While Figure 1 is drawn to have a weak positive correlation, as in the Silber and colleagues study, other studies from the Dartmouth group have often found weak negative associations. But the implications for policy are identical whether for a positive or negative correlation: Simply spending more money is a singularly ineffective and wasteful approach to improving quality—and might not even do so. Conversely, as is evidenced by the presence of low-cost but high-quality hospitals (as in Hospital B), cutting costs does not necessarily mean having to cut quality. What is needed is an understanding of mechanisms: It matters what you spend the money on. And these and other studies provide some insights.
The earlier research on regional variations in outcomes suggested that additional spending devoted to treating patients with chronic disease in the hospital as opposed to the outpatient setting does not offer benefits. A recent study finds that hospitals with intensive end-of-life treatment patterns are also far more likely to use feeding tubes in patients with advanced dementia—a practice that is both expensive and clinically inappropriate (Teno et al. 2010). And the Silber and colleagues study, along with another (Ghaferi, Birkmeyer, and Dimick 2009), suggests that effective treatment of patients with complications following surgery is likely to be beneficial. These potential mechanisms can—and indeed should—be understood as hypotheses that deserve to be tested in comparative effectiveness studies intended to help us understand what services yield the greatest benefits and which provide no benefit at all.

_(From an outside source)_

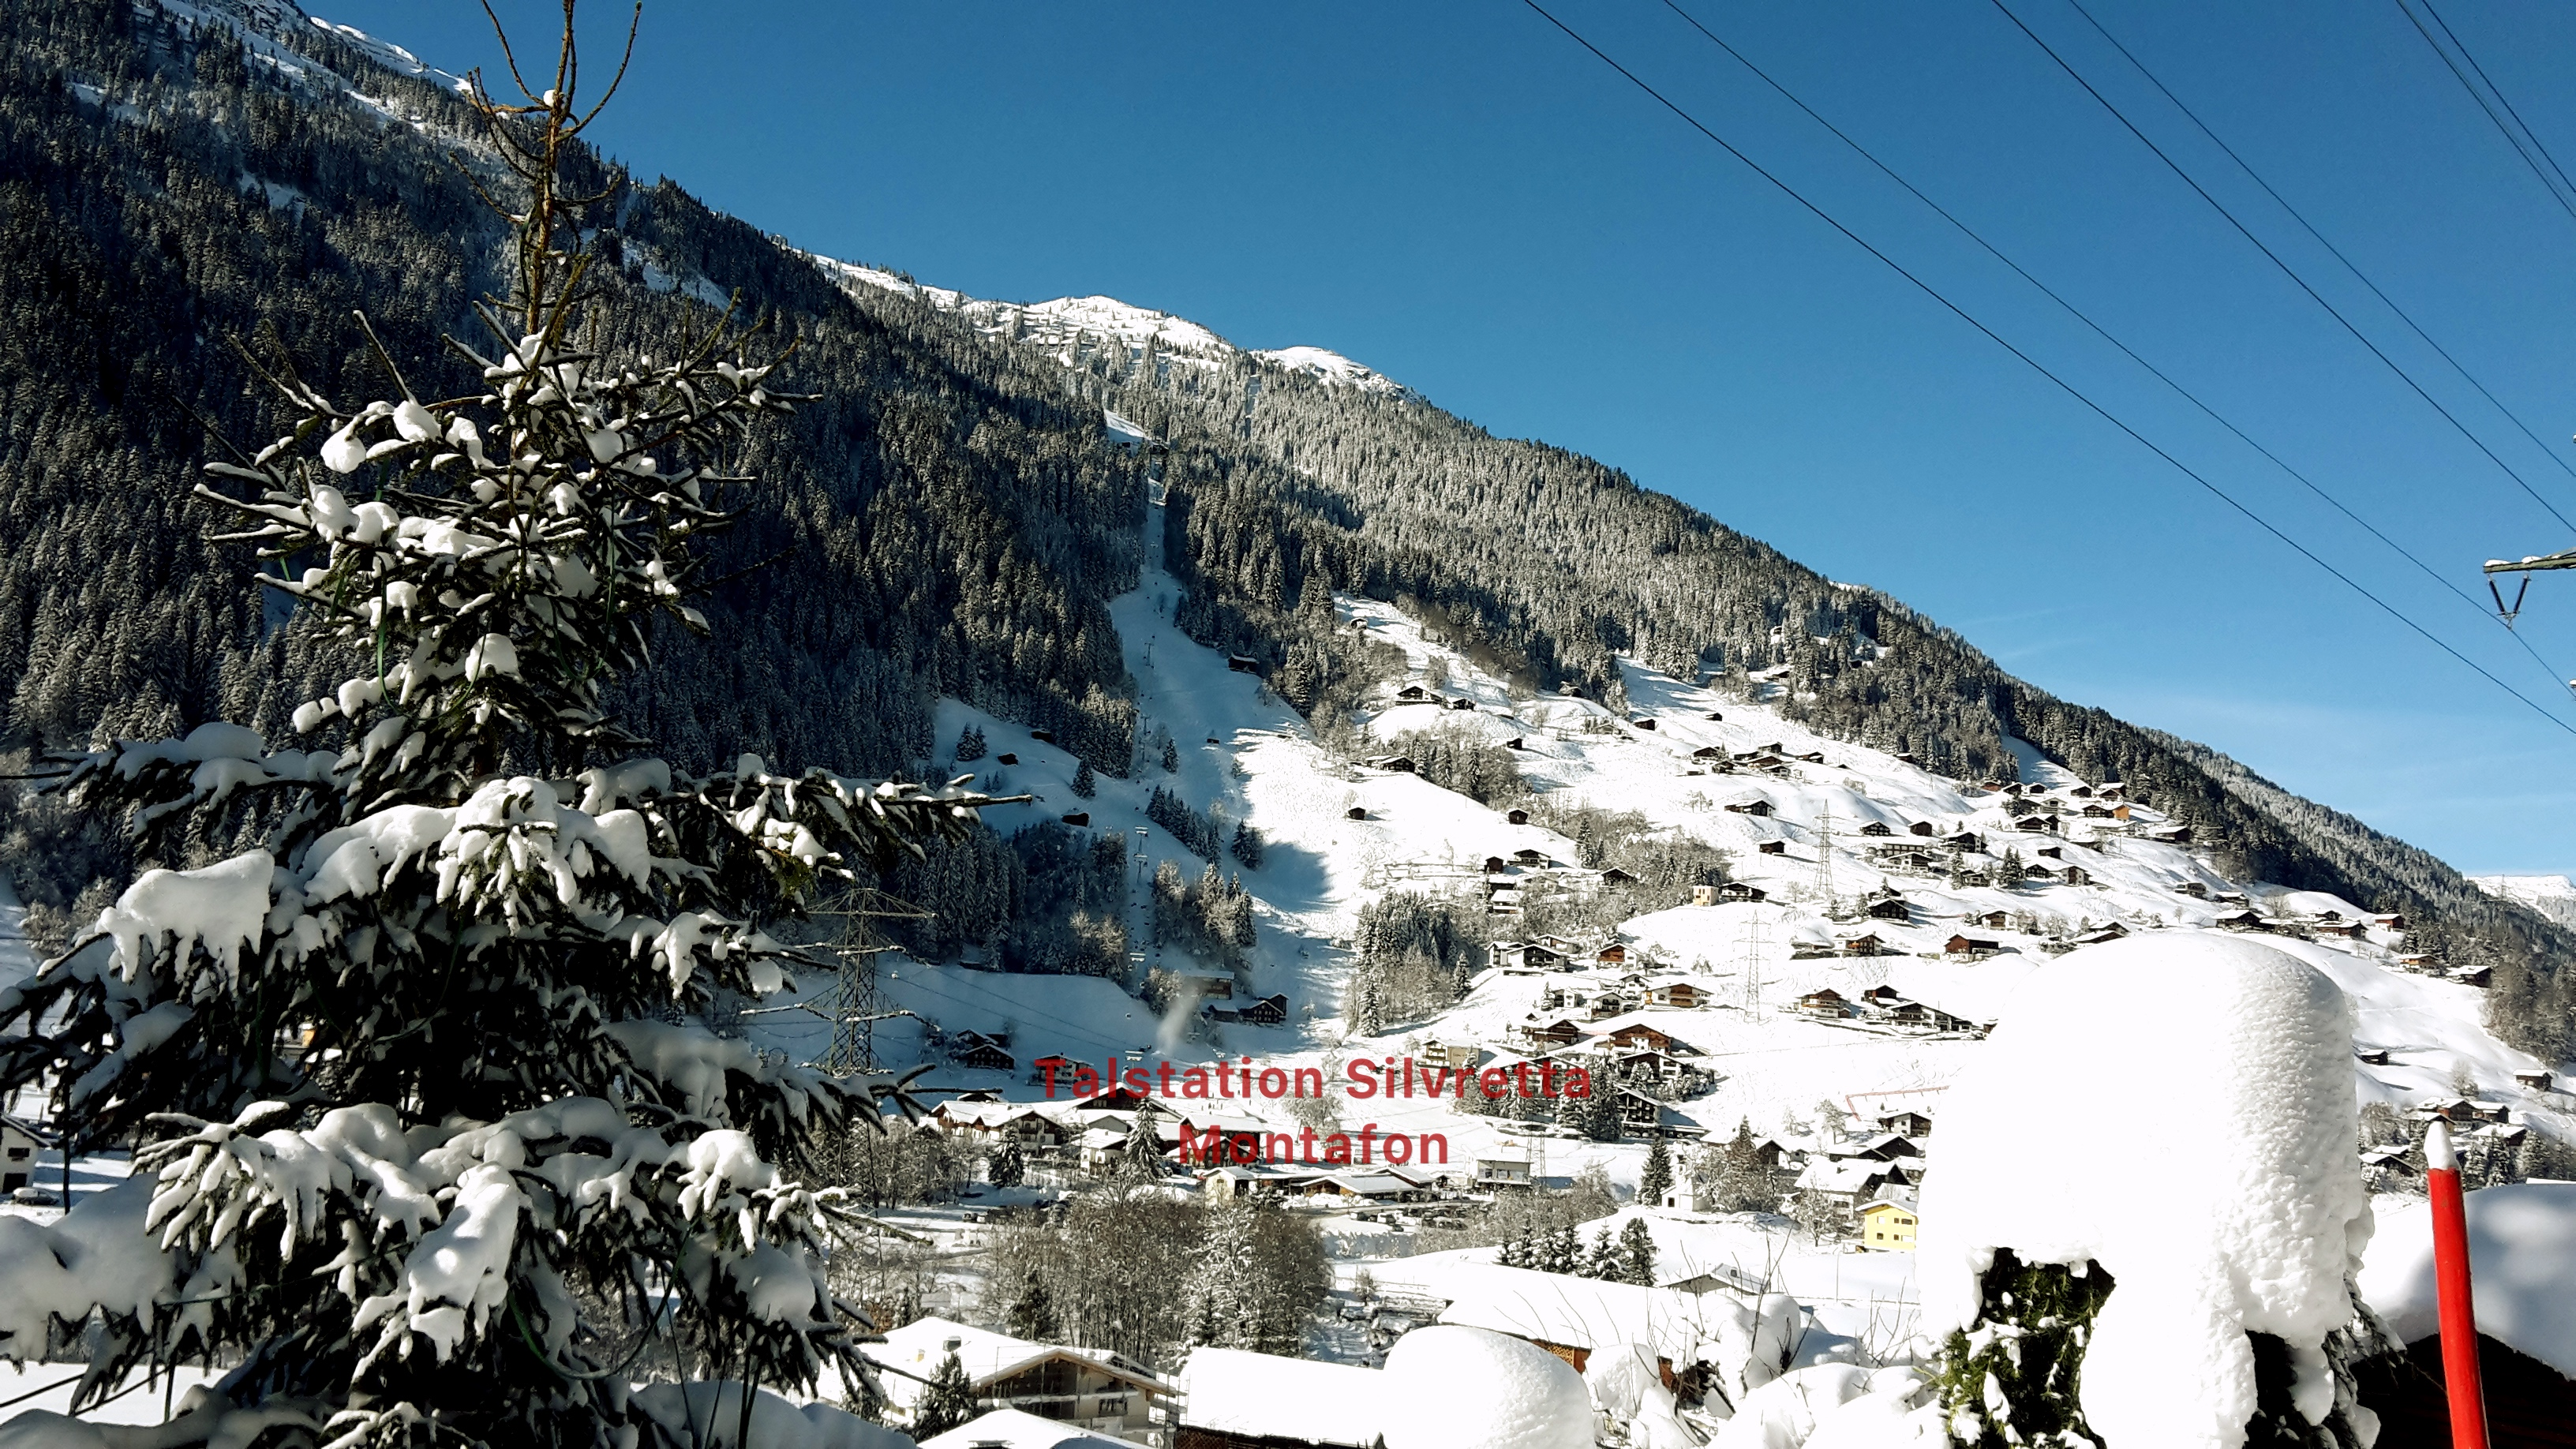 Ausblick zur Talstation SiMo

Return one last time to Figure 1, which as noted above shows a faint positive correlation, which might even pass a sufficiently lax cost-effectiveness test. Would this mean that the U.S. health care system is deemed to be “efficient”? The answer is a resounding no. That there exist hospitals like point B with consistently better-than-expected performance points to enormous levels of inefficiency, whether in institutions with similar quality but higher costs (point C) or in institutions with equal or greater costs, but worse outcomes (points A and D).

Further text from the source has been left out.